(Provided data begins)
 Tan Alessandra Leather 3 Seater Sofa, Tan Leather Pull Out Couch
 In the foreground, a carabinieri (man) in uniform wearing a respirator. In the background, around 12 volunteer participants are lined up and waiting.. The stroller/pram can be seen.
(Provided data ends)
(Provided data begins)
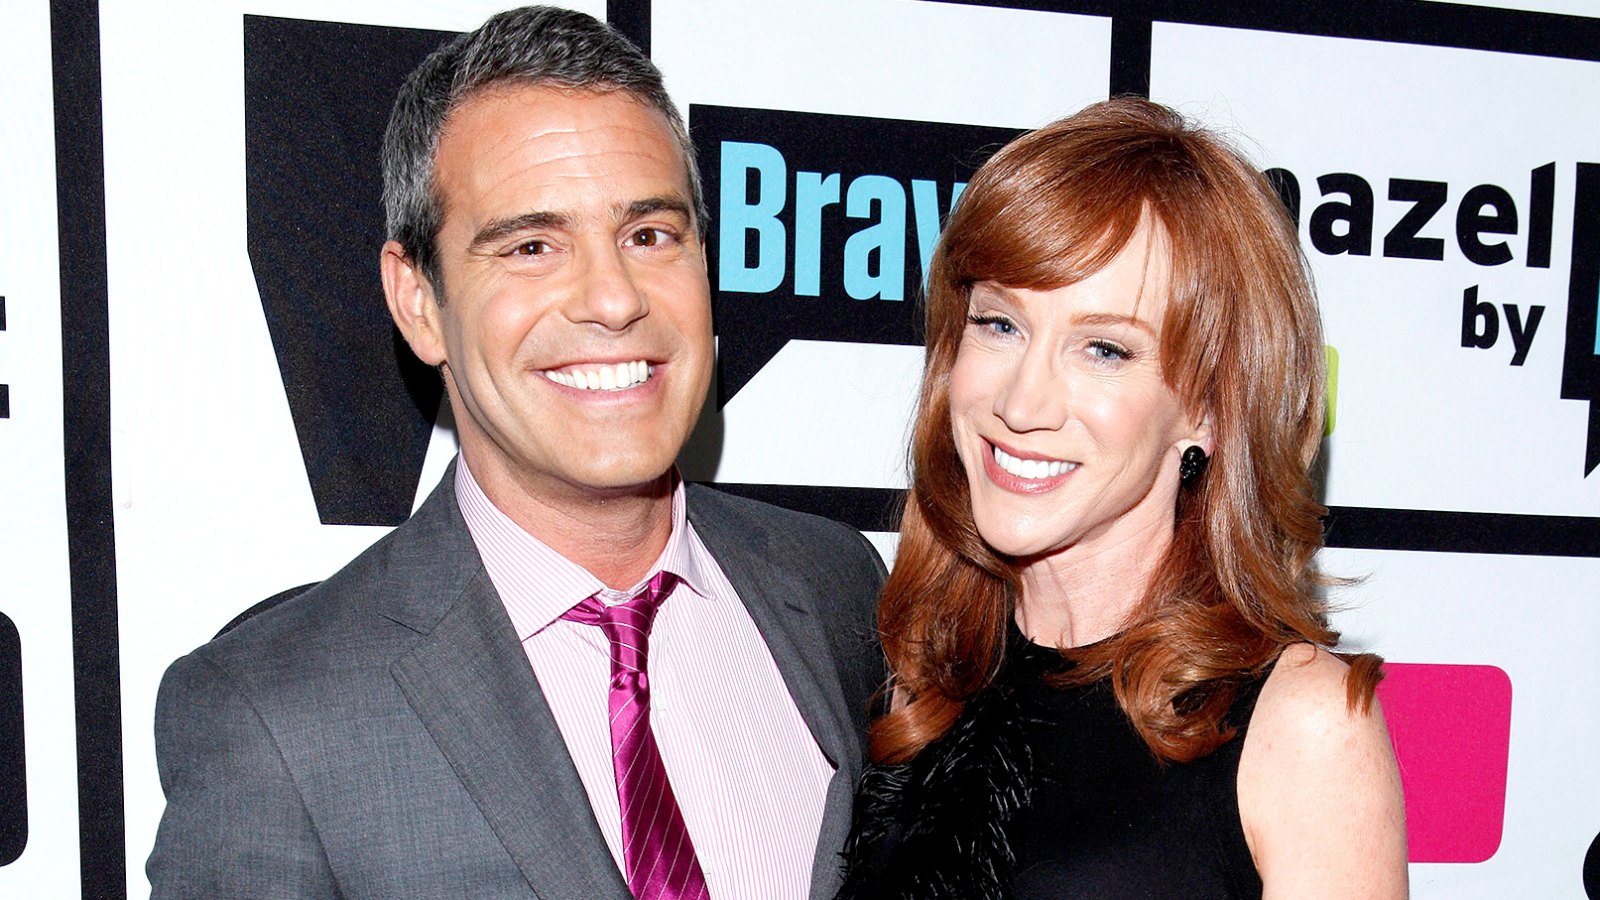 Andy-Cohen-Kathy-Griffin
(Provided data ends)
(Provided data begins)
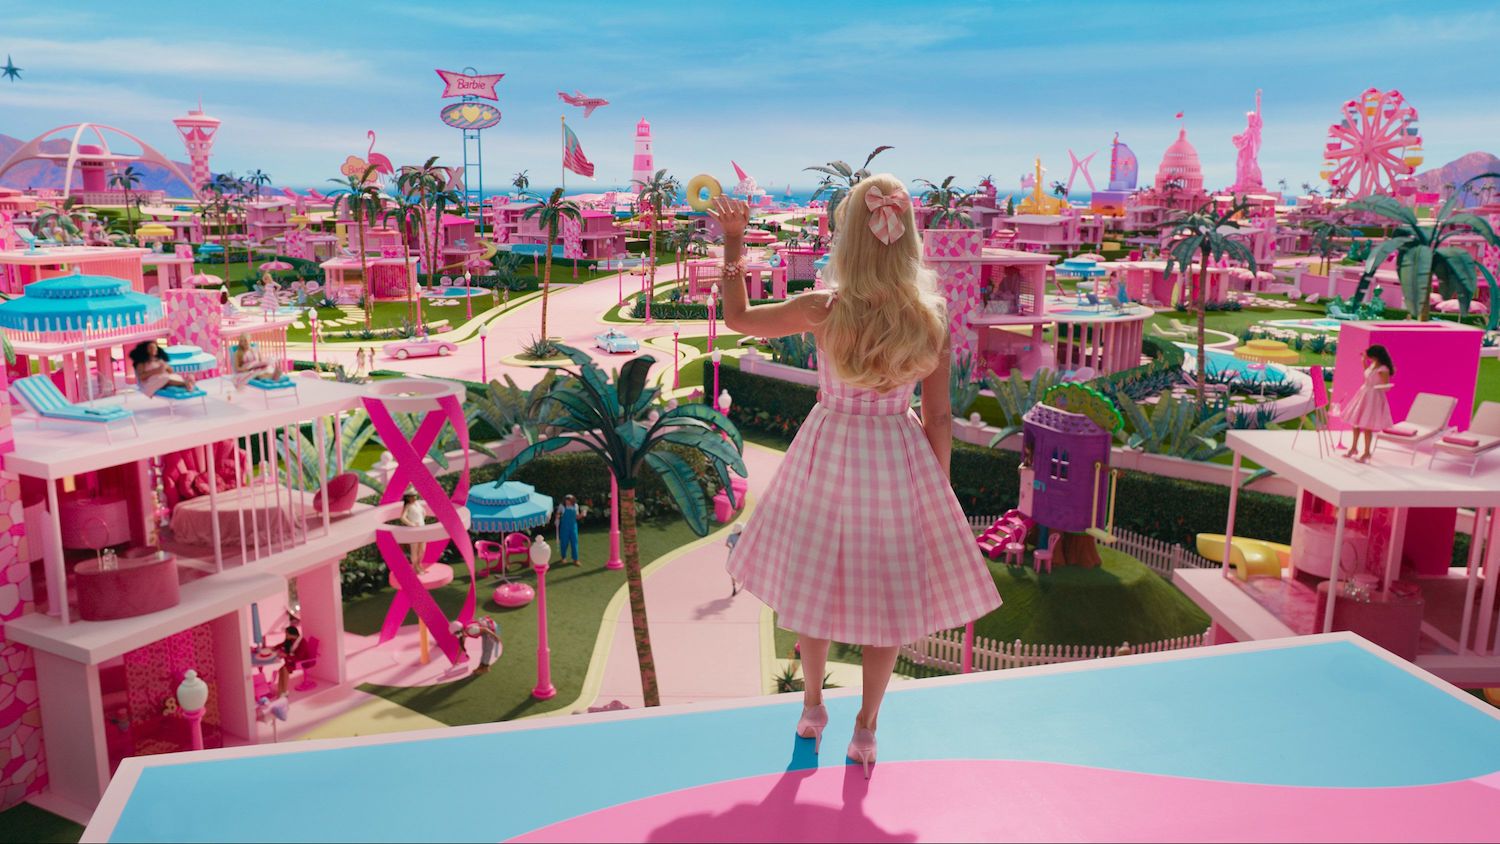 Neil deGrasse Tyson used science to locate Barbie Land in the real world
(Provided data ends)
## Exercise goal
Starting at the line that has "Tan Alessandra Leather" in the records above, restate word for word every line until the one that has "In the foreground, a", and include that one as well.

## Written solution
 Tan Alessandra Leather 3 Seater Sofa, Tan Leather Pull Out Couch
 In the foreground, a carabinieri (man) in uniform wearing a respirator. In the background, around 12 volunteer participants are lined up and waiting.. The stroller/pram can be seen.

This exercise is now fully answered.